By Appu Shaji, CEO, Mobius Labs
How does computer vision for video work? At first glance the process appears almost identical to the one used to analyse static images. Every second of video contains a set number of frames depending on the resolution. Let’s say 24 per second, a highly common format. The software simply examines the frames in the same way as it would a photograph.
As the old saying goes, it’s a bit more complicated than that. To start with, take the sheer number of frames involved. Simple maths tells us that a five-minute, 24 fps video clip contains 72,000 images. Now imagine a video stock agency with thousands of hours of footage in its archive. The figures are astronomical.
But hang on a moment. Isn’t the whole point of artificial intelligence and computer vision that it can manage huge media volumes in a fraction of the time that it takes a human being, and with fewer errors brought on by fatigue or boredom?
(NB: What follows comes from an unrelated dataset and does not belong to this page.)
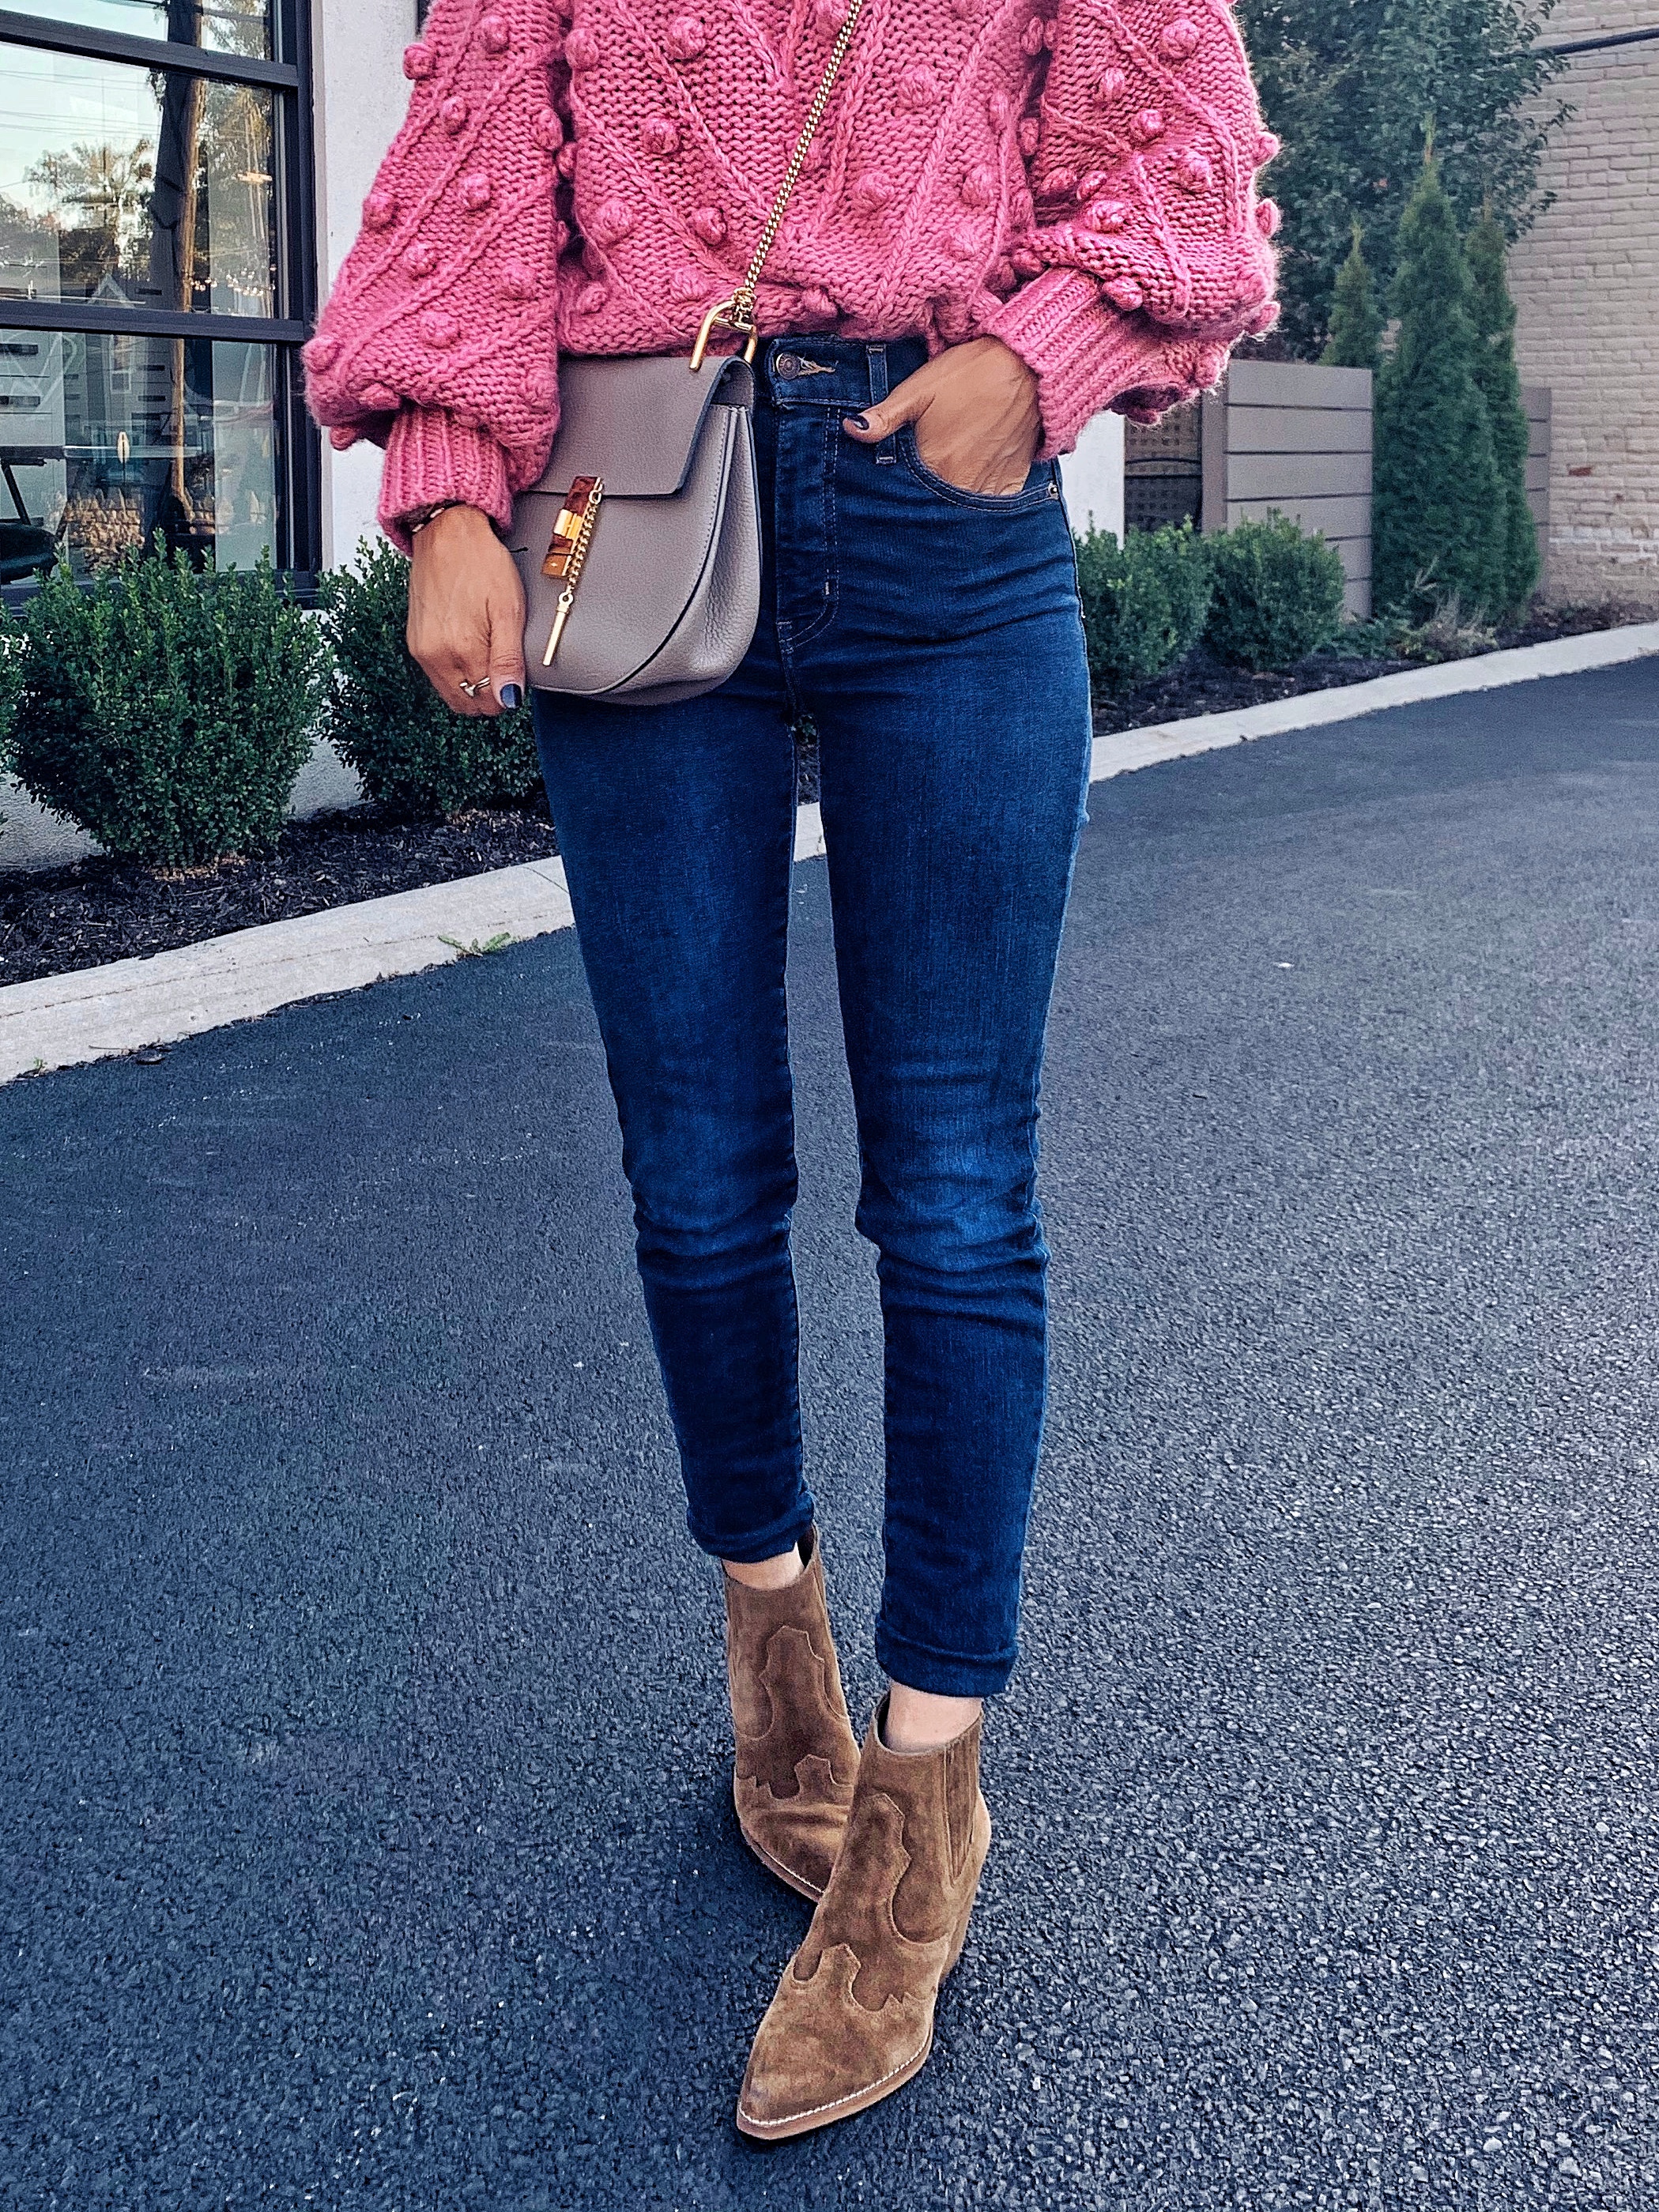 Suede booties for fall

True, but as any software engineer will tell you, efficiency is everything and computer vision for video is no exception.
Frame rates and fast searches
So how does the latest technology make the entire process more efficient and useful? The first step is to reduce the number to a few frames per second —enough to detect significant changes in the contents of the frame, positions of objects or facial expressions.
A good start, but it doesn’t take into account the natural rhythm of storytelling that can switch dramatically, even in a thirty second advertisement. As any editor will tell you, video and film are cut to tell a story: establishing shots, medium shots, close-ups and reverse angles for dialogue. During a car chase, you might see dozens of segments in a minute compared with five or six for a rom-com conversation.
Take this one step further and it becomes possible to identify what’s going on during a particularly hectic episode. With enough training data, computer vision can tell the difference between a car chase, a superhero combat sequence or a rooftop pursuit.
But things get really interesting when the software can recognise emotions. Computer vision for video takes this feature, already used with static images, to a whole new level. Take that rom-com conversation for example. During this scene the viewer follows a fast-changing set of emotions on the faces of the protagonists: anger, confusion, amusement, affection. The expressions, as well as the language, tell a story that you’ve probably seen hundreds of times!
Now imagine changing the order: amusement, affection, confusion, anger. It’s a different story altogether. In other words, there’s no point asking the software to find a clip with these four emotions. It also needs to understand the order and context of these feelings.
Getting a feel for narrative
Computer vision, at least for now, can’t feel emotions. But, critically, it can recognise the context of a particular expression. More recently, the best software can also interpret tone of voice and recognise language, using all these elements to ‘understand’ the narrative and find similar examples in a library of hundreds of clips.
Let’s return to the example of a video stock library or a marketing agency that has hundreds of hours of short clips, thousands of actors and dozens of brands. Now, imagine a campaign that celebrates the end of the pandemic, with a brief to show the emotions shared by grandparents and grandchildren or long separated partners. Computer vision now enables you to choose the participants and the sequence of feelings that you want to convey. It won’t find you the perfect clip straight off, but it will narrow down the search dramatically.
You can slice and dice this approach any way you want. Search for a famous actor drinking a particular brand of fizzy drink, as the emotions pass from uncomfortable (thirsty) to happy, to satisfied. Or an athlete crossing the line in first place and then reaching for the same brand with a look of relief on their face.
Managing campaigns, boosting revenues
The latest computer vision technology not only supports emotion recognition out of the box but enables the user to train the software and create bespoke tags, based on a relatively small number of video clips. This enables a stock agency, for example, to introduce greater nuance into its searches and make it even easier for customers to find and purchase the clips they need.
What about the future? For now, the technology is largely reactive, categorising existing content and optimising the search process for customers and employees. But there’s no reason why computer vision shouldn’t aid the creative process. Imagine being able to describe the narrative and emotions, leaving the software to come up with a variety of storyboards that meet the brief. Or automatically generating a rough cut from a set of video rushes that can be further refined by an expert.
As we’ve seen with static images, computer vision still needs a ‘human in the loop’ to train the software and enhance the results. And we are still far from a situation where technology can create content from scratch that gets anywhere near the quality of a human specialist. But it still has a role to play. The computer vision for video story has only just started, but its future looks to be as thrilling as the next super-hero blockbuster.